3.NDV virosome for brain tumor therapy. Brain cancer has become concern because of their rapid development and the
treatments are often fail, so that new treatment strategy is an urge. Virosome
is viral vector without genetic material and composed of phospholipid bilayer
and surface glycoprotein. Virosome can be constructed from various viruses,
including NDV that is known has immunomodulatory effect and safe for human. In
our study, NDV virosome was produced by virus lysis and removal of its genetic
materials, followed by reconstruction of virus surface proteins. NDV virosome
was then confirmed by western blot and transmission electron microscope (TEM),
followed by its ability to induce proinflammatory cytokines and oncolytic
effect. Produced NDV virosome was confirmed has spherical-shaped with size
ranging from 100-500 nm with the main surface glycoproteins and has no genetic
material. Brain cancer cell line, NP 5, showed susceptibility to NDV virosome
when compared with normal human embryonic kidney cell line, HEK293. This study
demonstrated that NDV virosome has potency to be an oncolytic agent,
specifically in brain cancer cell line. After all, this study suggested a
breakthrough in developing new cancer treatment and will be the basis of NDV
virosome application for vaccine, gene therapy, or drug-delivery agent.

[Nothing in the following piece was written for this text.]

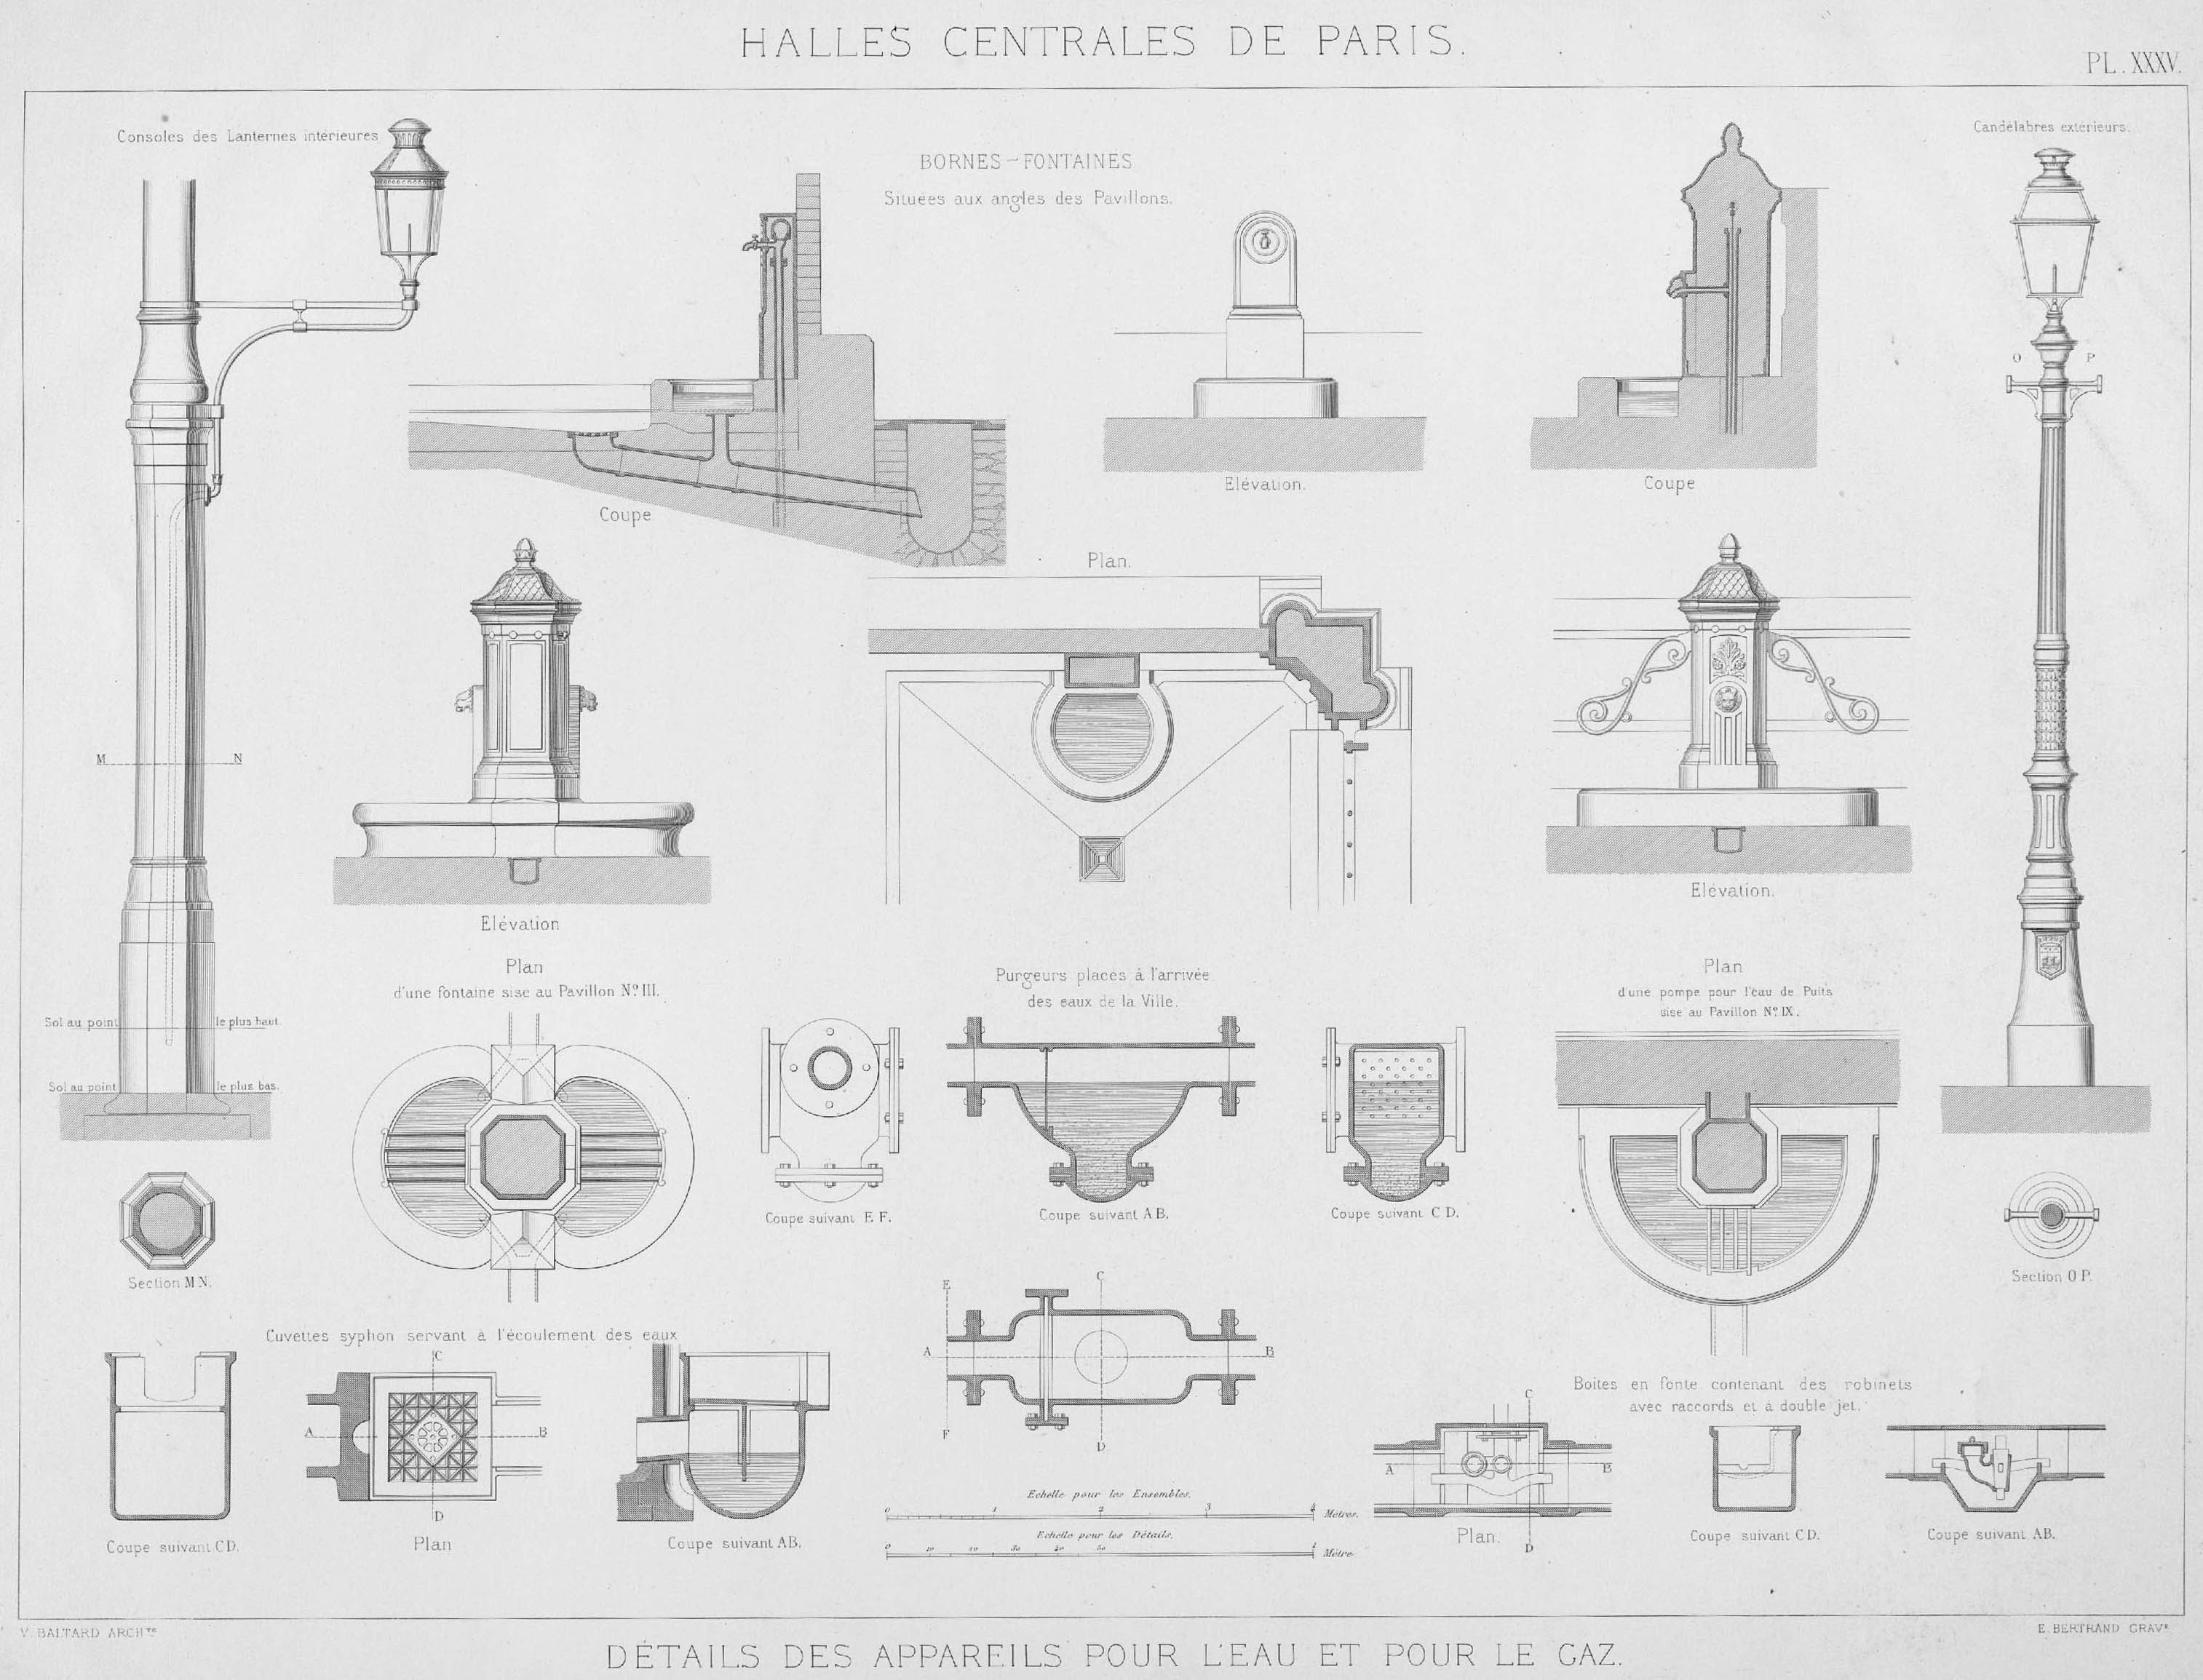 Détails des appareils pour l’eau et pour le gaz © Cité de l'architecture & du patrimoine/Musée des Monuments français

4.Expression of SARS-CoV-2 Spike S1 as immunogen for IgY
anti-COVID-19 production.
MRIN takes part for acceleration of COVID-19 control in Indonesia through
involvement in a research consortium for anti-COVID-19 IgY production, funded
by Badan Ristek and Inovasi Nasional. The role of MRIN is to produce large
scale immunogen, in the form of SARS-CoV-2 Spike S1 subunit protein, for
hyperimmunization in layer chicken. This work is performed by MRIN working
group between Immunology, SNP and Molecular Epidemiology divisions.